[Babel-users] Some idea on cost calculation based on hop count, loss and RTT

Sat Apr 21 00:15:57 BST 2018

Hi there,

I am a Babel user over both Wi-Fi and tunneled mesh VPN. I want to
share some idea on cost calculation based on hop count, loss and RTT.

=== The Problem ===

I would like to find a feasible low-RTT route across my network
because direct route is usually not the best. My configuration is:
> interface zt0 type tunnel link-quality true rxcost 16 hello-interval 10 rtt-min 16 rtt-max 1024 max-rtt-penalty 1008

Even after I have tweaked with these parameters, Babel still often
chooses me a route with high loss but low latency. Such link is
impossible with Wi-Fi but very common with tunnels.

According to the code, I know Babel uses a formula like this:
> cost = hop/(1-loss)^2 + RTT, (Constants omitted. In case of mistake, please correct me.)
in which "hop" is related to the sum of (txcost * rxcost), "loss" is
the rate of one-way packet loss.

Using the formula above, we know my configuration parameters would ask
Babel to choose a route with the lowest RTT, adding a hop if 16ms can
be saved, and try a 1.73ms slower route if packet loss reaches 5%, or
3.75ms if 10%. The influence of packet loss is obviously overlooked by
Babel. To compensate this, I have to increase "rxcost" and "rtt-min",
but that would give me routes with lower hops but higher RTT, which is
not what I want.

=== My Model ===

Therefore I want to propose a new model on cost calculation, suitable
for long-range tunneled networks. Typically we usually want to
maximize TCP throughput and keep the hop count not too high. Mathis et
al. gave us a formula to estimate the theoretical maximum TCP
throughput:
> throughput <= 1/(rtt * sqrt(loss)), (Again constants omitted.)

We want to make cost linear to RTT and hop count, so we define it as
the invert of theoretical throughput:
> my_new_cost = (hop+RTT) * sqrt(loss),
where loss = 1 - (alpha+beta) / 2 or loss = 1 - sqrt(alpha*beta).
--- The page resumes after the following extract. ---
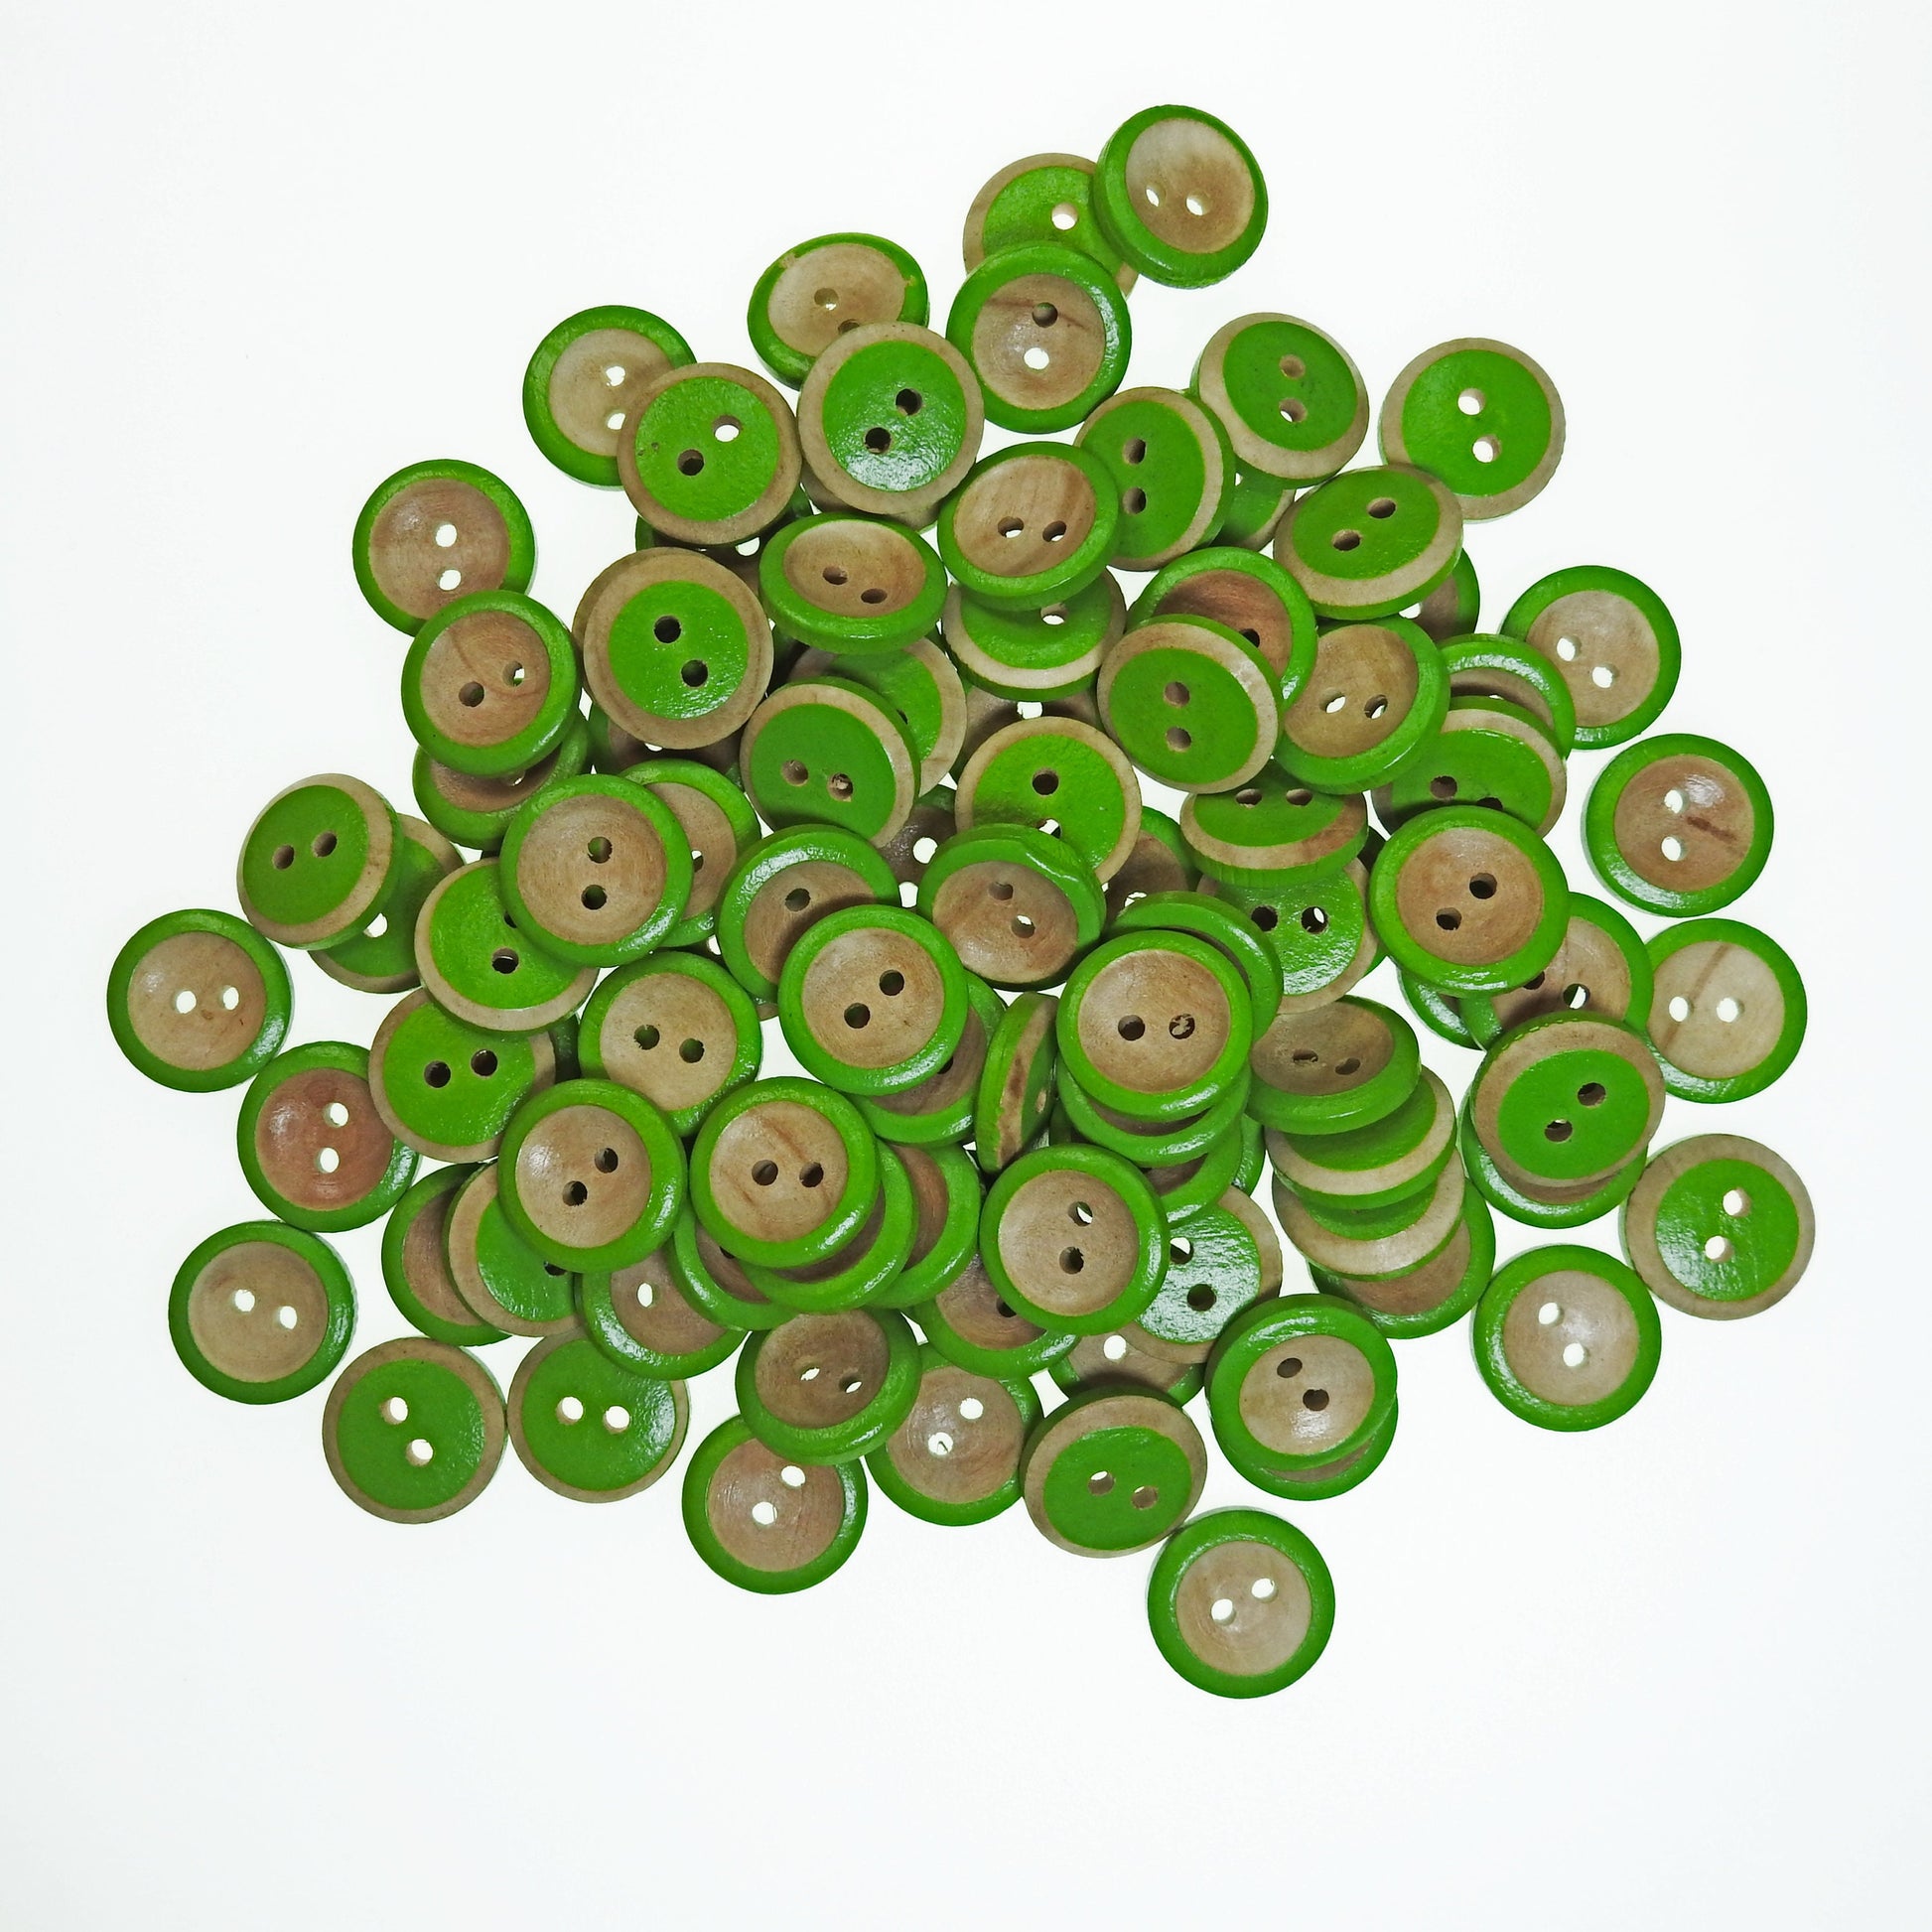 Green wooden buttons

Now the derivation of loss goes downwards. I think it better reflects
the reality: Adding 1% of packet loss to a link with 5% loss, makes
things much worse than adding it to a link with already 50% loss.

=== Issues ===

There are several issues regarding my model.
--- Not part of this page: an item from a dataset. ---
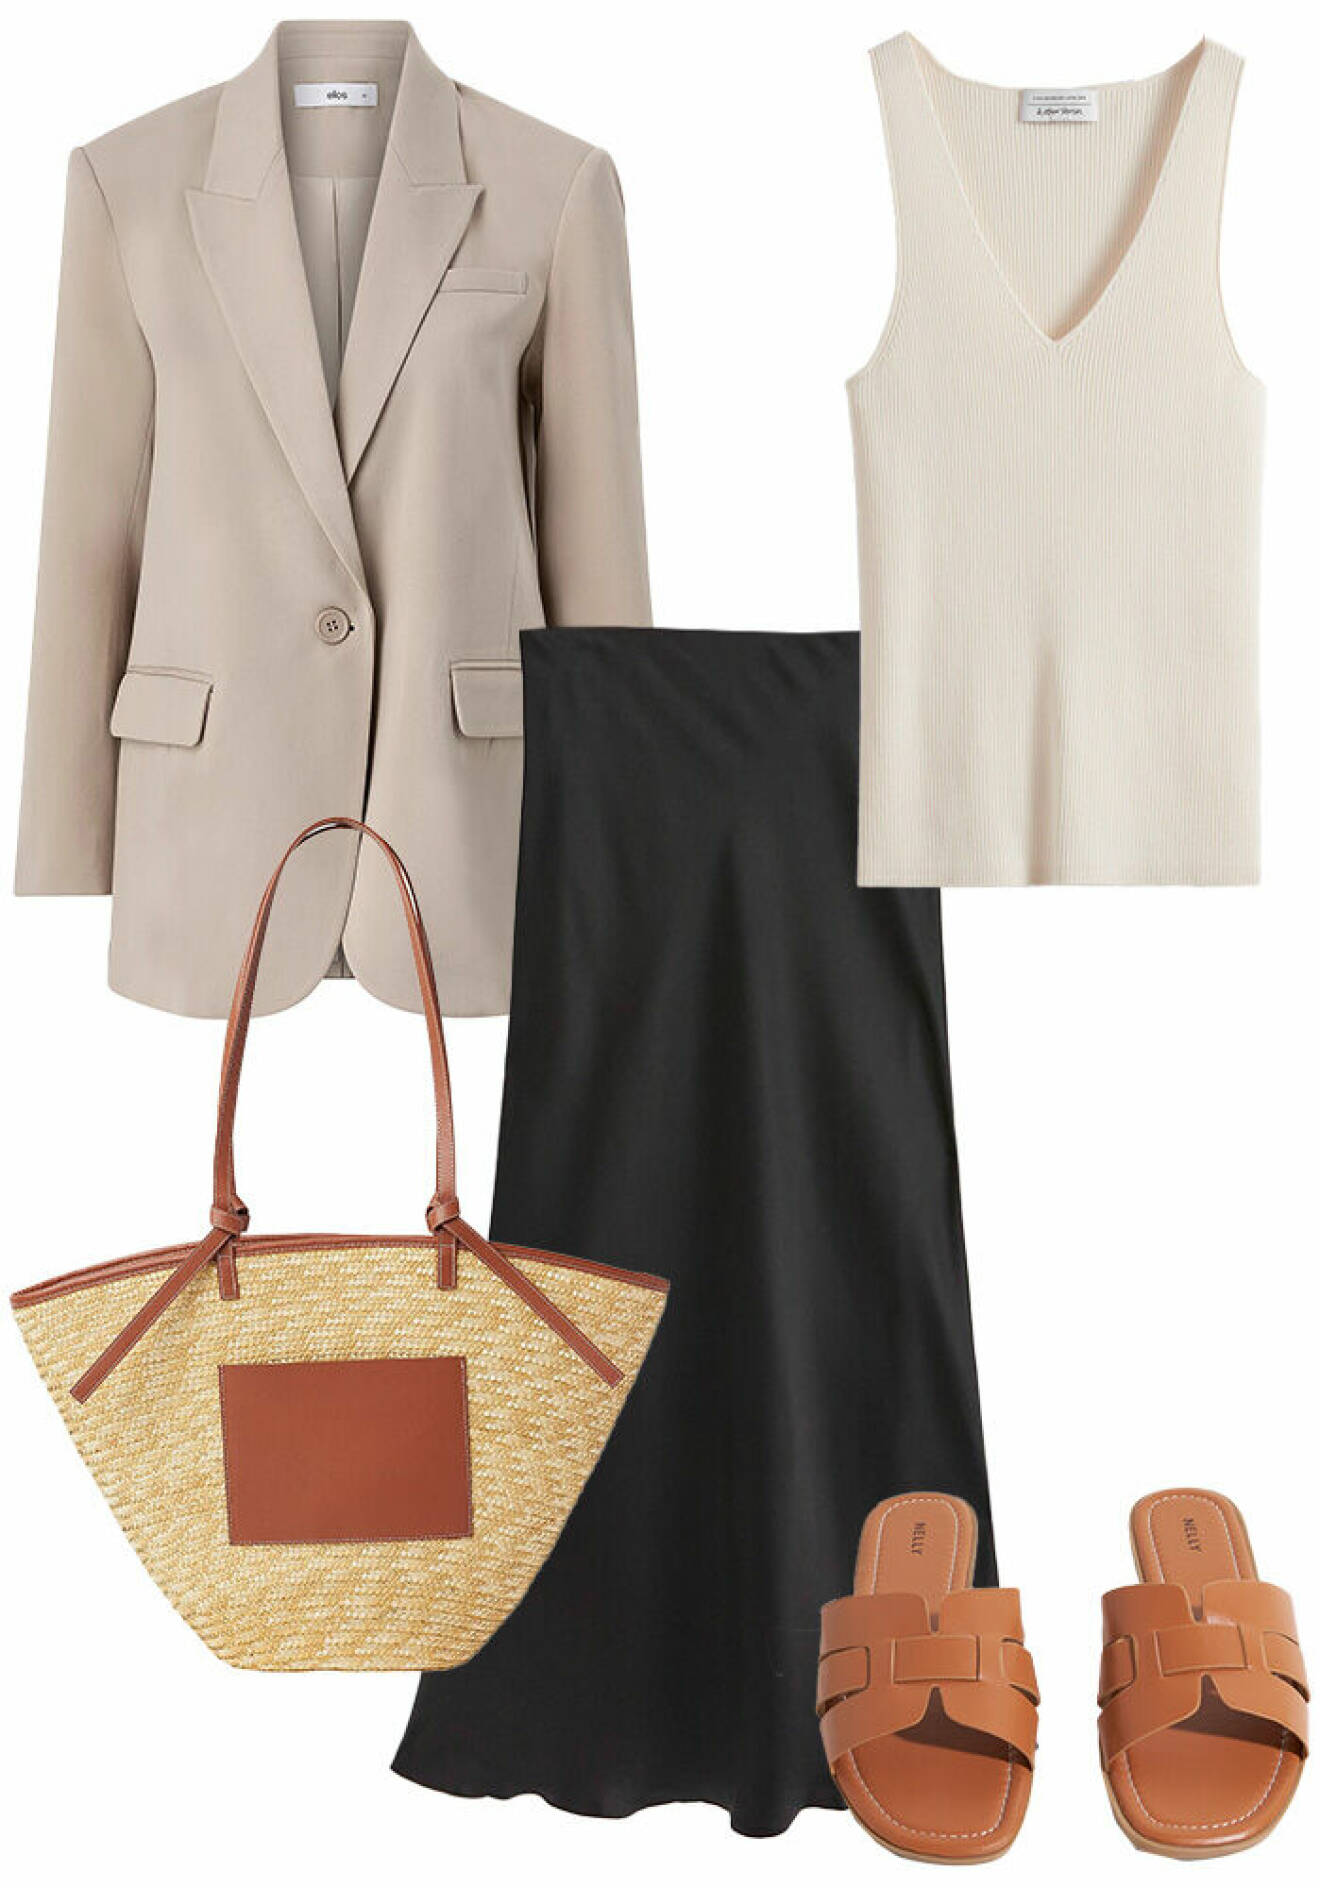 Outfit till jobbet och kontoret med kavaj, satinkjol, ribbat linne, stråväska och bruna sandaler

First, no real experiments have done over this formula. We need to
consider more.
Second, cross-version compatibility would be a problem. It's lucky
that Babel is still a draft so we can discuss it without breaking
things.
Third, "loss" is on the denominator side, we need to set a lower bound
(e.g. 100%/32 or 100%/64) so it does not overflow.
Last, no research shows whether Mathis et al.'s formula works on Wi-Fi.

Thank you for listening. And I hope we can discuss more about this topic.